For running fusion_filtering module by cohort type, could we use a filtered histologies.csv e.g., histologies_pnoc.tsv to run the module?
As I was trying to do a test run of the module, there is some discrepancies between the data files we have and the files that are called in the .sh: Files not present: polya_expression_file="${data_path}/pbta-gene-expression-rsem-fpkm.polya.rds" stranded_expression_file="${data_path}/pbta-gene-expression-rsem-fpkm.stranded.rds"
these are now combined into one file as gene-expression-rsem-fpkm.rds
normal_expression_file="${references_path}/Brain_FPKM_hg38_matrix.txt.zip"
for neuroblastoma, we will have to generate this file for the GTEX adrenal gland - we could either make a new ticket to create this or you can make staggered PRs, with this being one of the first PRs you submit.
independent_samples_file="${data_path}/independent-specimens.wgswxs.primary-plus.tsv"
this, we also have to generate per #37 - @kgaonkar6 was going to work on this, but you can also feel free to take a crack at it if you would like
histologies_file="${data_path}/pbta-histologies-base.tsv"

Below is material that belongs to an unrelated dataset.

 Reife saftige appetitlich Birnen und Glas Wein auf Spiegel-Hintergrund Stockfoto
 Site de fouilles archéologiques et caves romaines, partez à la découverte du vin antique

this is now just histologies.tsv
Files with name discrepancies: arriba_file="${data_path}/pbta-fusion-arriba.tsv.gz" starfusion_file="${data_path}/pbta-fusion-starfusion.tsv.gz" histologies_file="${data_path}/pbta-histologies.tsv"
these all now do not have the pbta-
prefix
Should we just modify the .sh to match the files in /data folder and ignore the files not present?

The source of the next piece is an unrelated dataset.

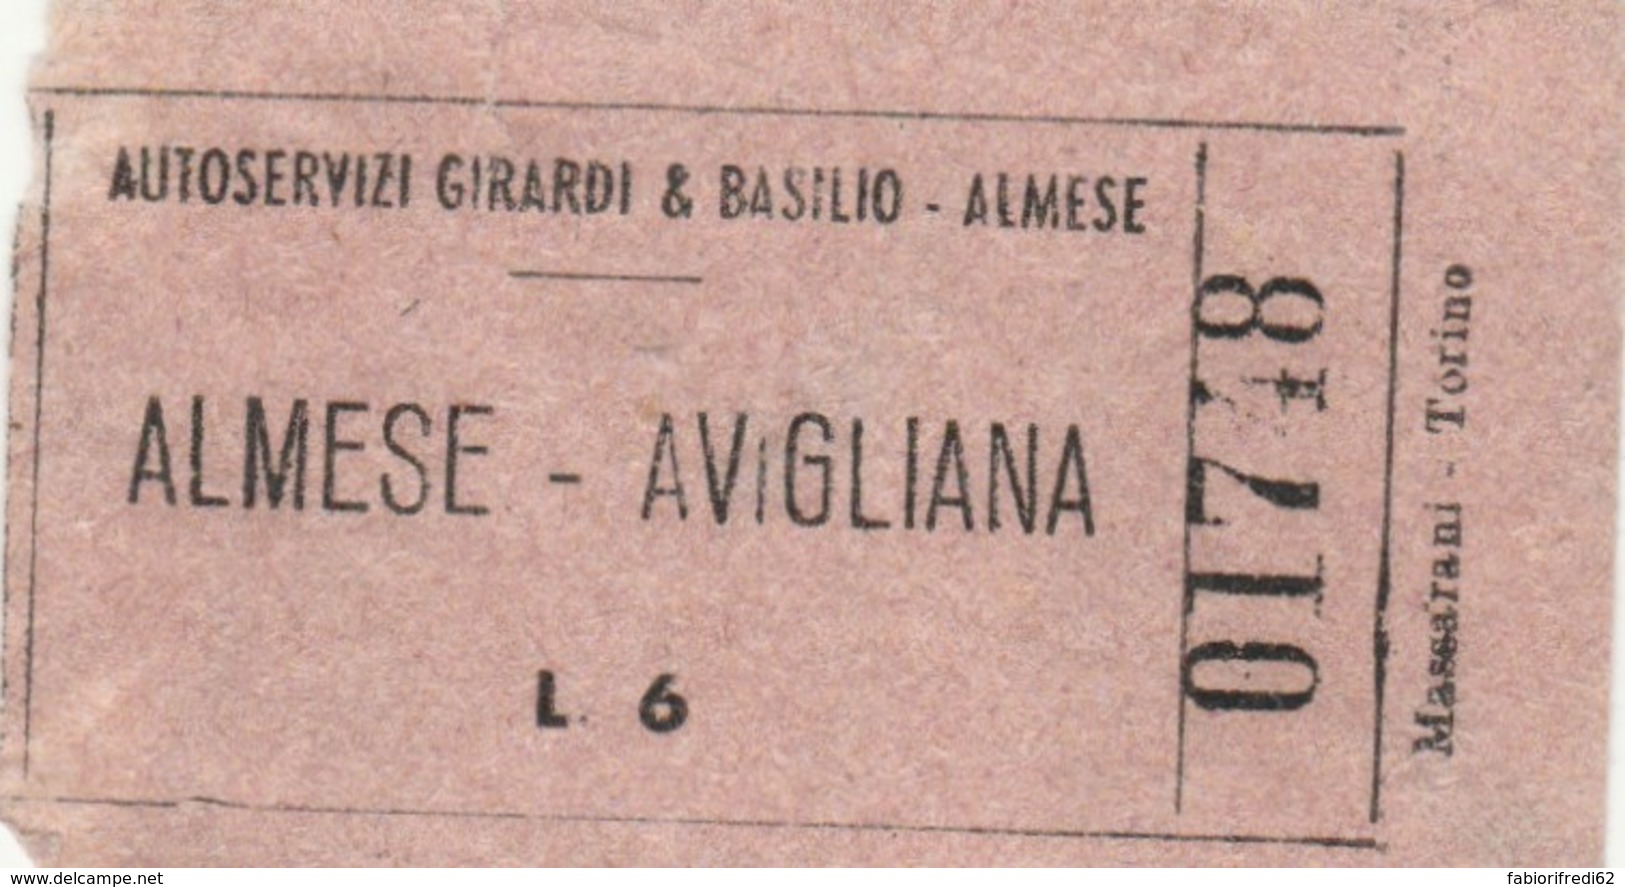 BIGLIETTO BUS ALMESE AVIGILIANA LIRE 6 (BY492 - Europa

I think we should make a new shell script for openTargets so that we maintain the OpenPBTA files - thoughts @kgaonkar6 ?
Additionally, I have the following questions: For changing project-specific filtering, we need to change values for "group" in 04 as well as related codes in 06 as well, correct?
yes
For running fusion_filtering module by cohort type, could we use a filtered histologies.csv e.g., histologies_pnoc.tsv to run the module?

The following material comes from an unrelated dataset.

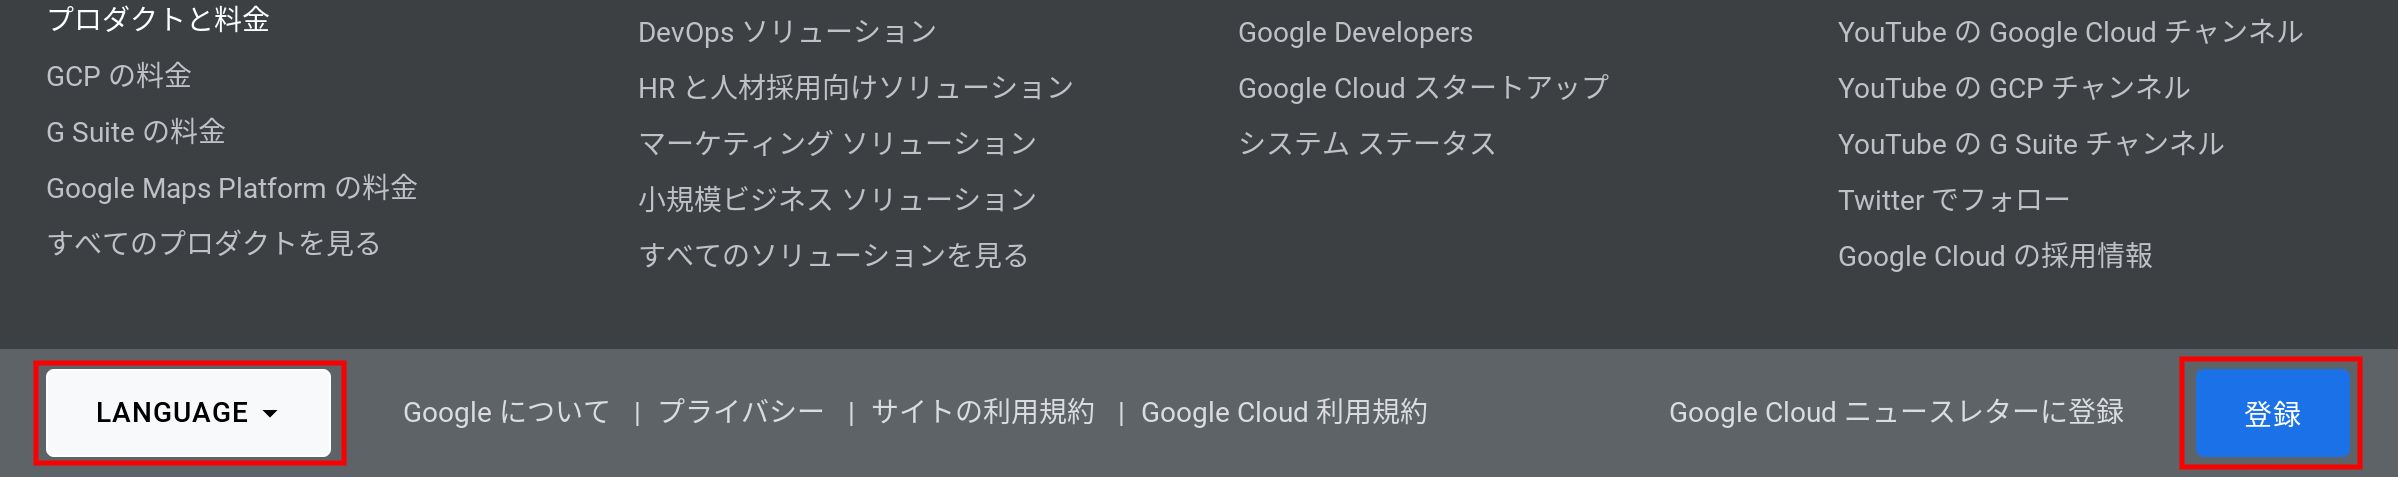 Google Cloud 公式のフッターにあるGoogle Cloud ニュースレターの登録ボタン

It looks like the code can just take the file without filtering (here, histologies.tsv
).
Yes I meant if we want to run the module for cohort == GMKF | CBTN | PNOC, do we run separate analyses? Or how should we do it?
And for the expression matrix, since these are now combined into one file as gene-expression-rsem-fpkm.rds, we will need to modify the codes for that as well, correct?
Yes I meant if we want to run the module for cohort == GMKF | CBTN | PNOC, do we run separate analyses? Or how should we do it?
No need to separate - I just meant that we don't want to include GTEX or TARGET or TCGA at this time, however, they will not be in the fusion files, so it may be OK to just use the histologies file as-is.
And for the expression matrix, since these are now combined into one file as gene-expression-rsem-fpkm.rds, we will need to modify the codes for that as well, correct?
yes
Oh gotcha thanks that makes sense! For generating FPKM matrix for GTEX adrenal gland, could you please give a brief description as to how to do it? Sorry about all the questions!
@runjin326 I think you can use gene-expression-rsem-tpm-collapsed.rds
from the v5 release download-data.sh currently in the PR instead.
However this file is slightly different than the one we've used before. The v5 file only has rownames X sample as a matrix. The existing code in the repo had a matrix where 1st row was EnsembleID_GeneSymbol
.
So you will need a few code updates like: https://github.com/PediatricOpenTargets/OpenPedCan-analysis/blob/5809781824c4804a2da2a01862af5b87af277cf0/analyses/fusion_filtering/02-fusion-filtering.R#L180-L182
# load expressionMatrix RDS for expression based filtering for less than given threshold
expressionMatrix<-readRDS(expressionMatrix)
expressionMatrix <- expressionMatrix %>% rownames_to_column(var="GeneSymbol")
expressionMatrixMatched <- expressionMatrix %>%
unique() %>%
# means for each row per each gene_id
dplyr::mutate(means = rowMeans(select(.,-GeneSymbol))) %>%
# arrange descending mean
arrange(desc(means)) %>%
# to keep only first occurence ie. max rowMean per GeneSymbol
distinct(GeneSymbol, .keep_all = TRUE) %>%
ungroup() %>%
dplyr::select(-means,-gene_id,-EnsembleID) %>%
dplyr::filter(GeneSymbol %in% normData$GeneSymbol) %>%
tibble::column_to_rownames("GeneSymbol")
Gotcha! Thanks so much!
After changing to cancer_group
, do we want to change any of the following filtering parameter?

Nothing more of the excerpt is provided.